Ciaran Hinds (Jack Boyle) and Sinead Cusack (Juno Boyle)
The big selling point of this play, at least from the National Theatre's point of view, is the joint collaboration between them and Ireland's National theatre the Abbey in Dublin. Genuine Irish doing a very Irish play and what  good quality genuine Irish actor. Ciaran Hinds as Captain Jack Boyle (due to his brief period in the merchant navy) and the paycock of the title (Imagine an Irish accent saying 'peacock') and Sinead Cusack as Juno. You expect them to be excellent, they are names and even with a very limited first half for her character Cusack more than makes up for it in the second half. The real reason to go there (unless like me you have a crush on Hinds) is for Clare Dunne as Juno and Jack's daughter, Mary.
As a play there is a theme of strong females, Juno and Mary work (though Mary's striking over a colleague's dismissal put pay to that) and support the weaker males in the family. Jack, an alcoholic, lazy man who uses his energy to go out drinking with his partner-in-crime Joxer Daly (Risteárd Cooper) and avoiding any offers of work and son Johnny, who is physically weak; one arm and dodgy hip from various activities in the Easter Rising and the Irish Civil War but also shown to be a coward, like his father when he anonymously grasses up a neighbour and finds himself haunted by the spirit of the man whose death he caused.

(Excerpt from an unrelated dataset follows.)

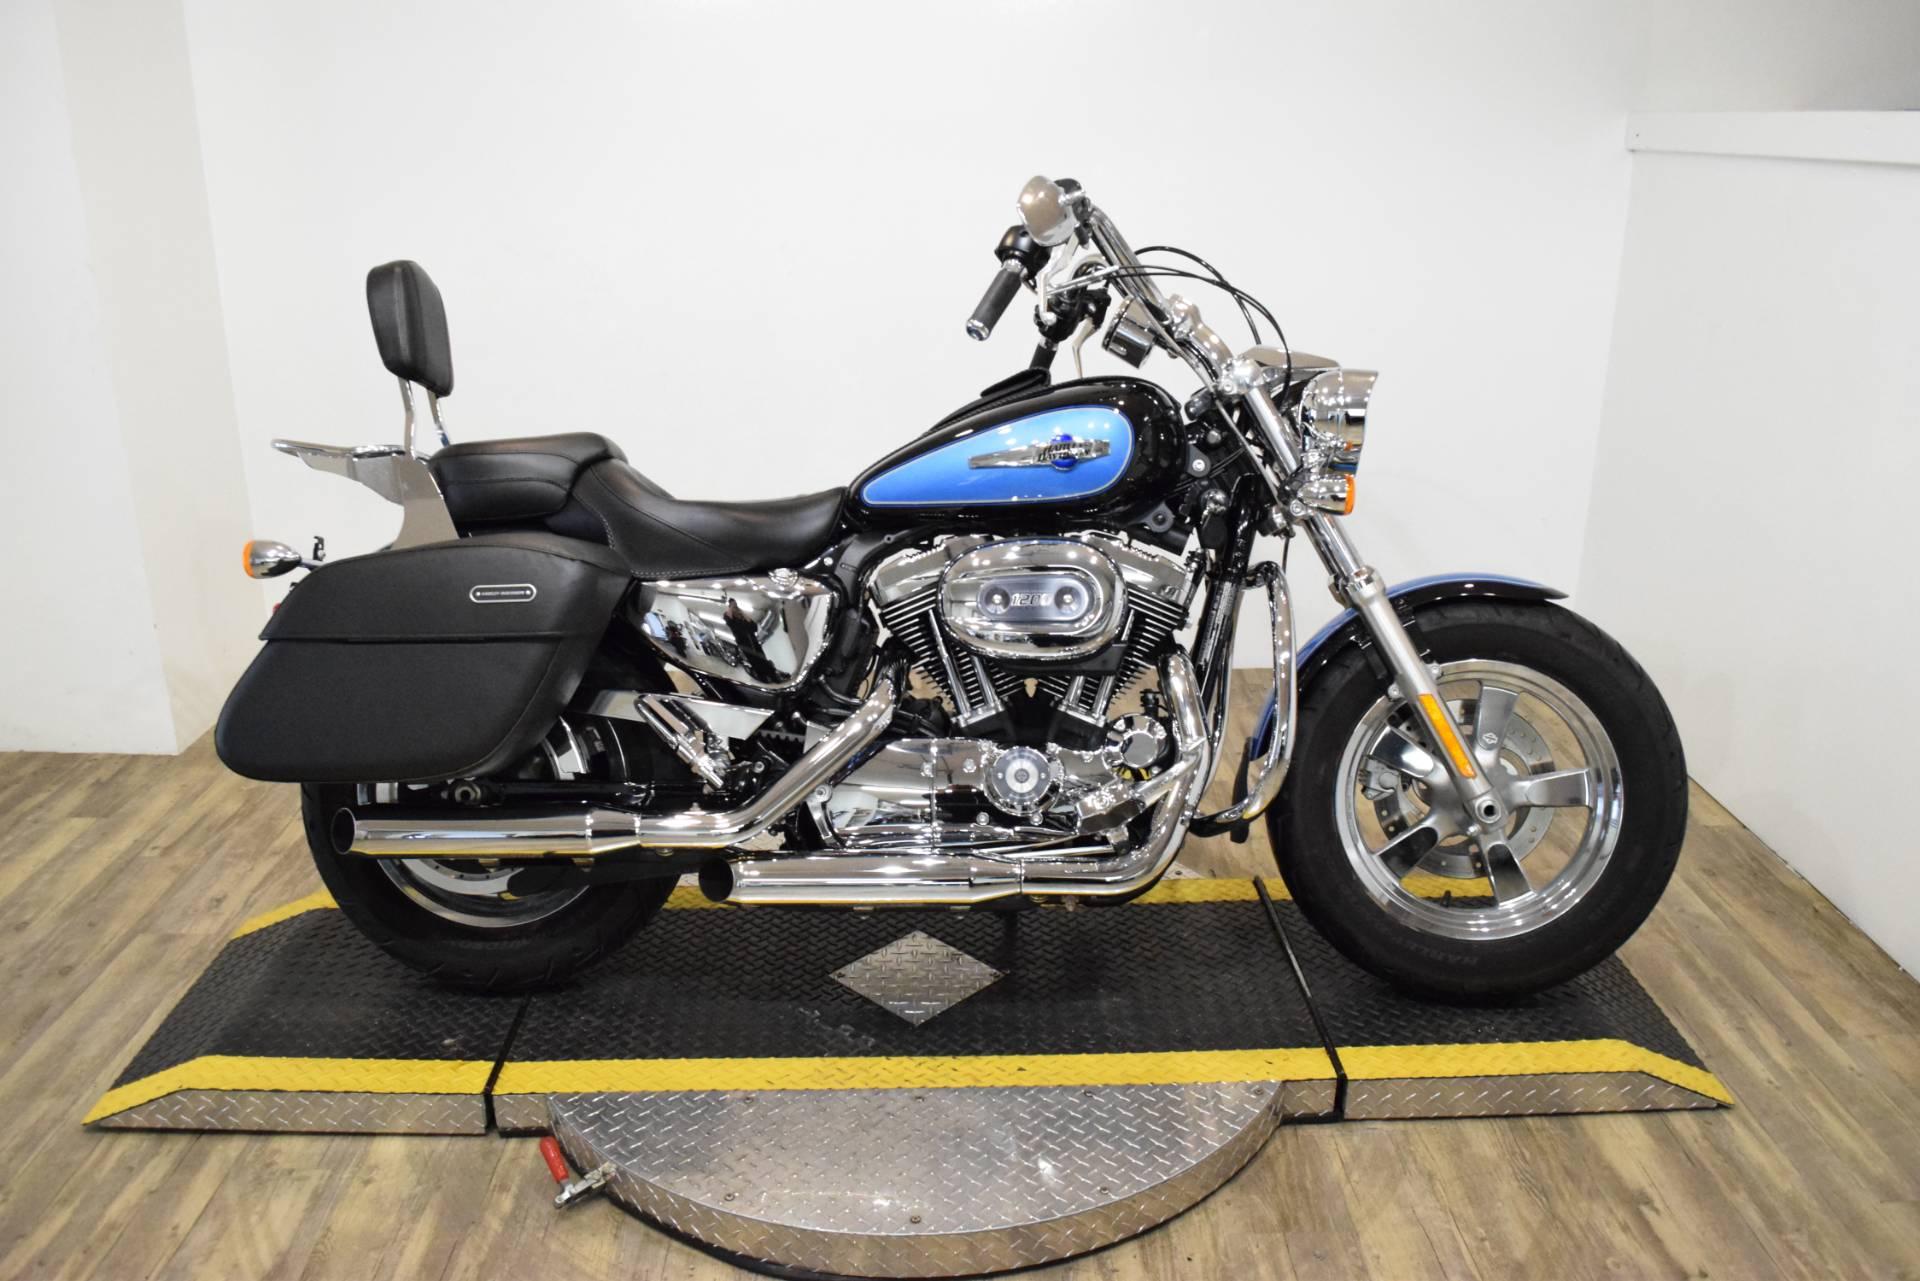 2012 Harley-Davidson XL1200C 1

I don't want to spoil the play (despite its ancient-ness) but it has what you expect from an Irish melodrama; abandoment, religion, war, singing and Guinness(which had to be bought from Nigeria as it is a real struggle to get non-alcoholic Guinness). I read someone questionning why this play by Sean O'Casey is often performed and I think it is because it is one of the few plays to give all this characters a real purpose and whilst commentary on atheism or non-Christian religions may seem like a common theme it also makes this play seem timeless and could easily, much like Top Girls, have been written after the events rather during them.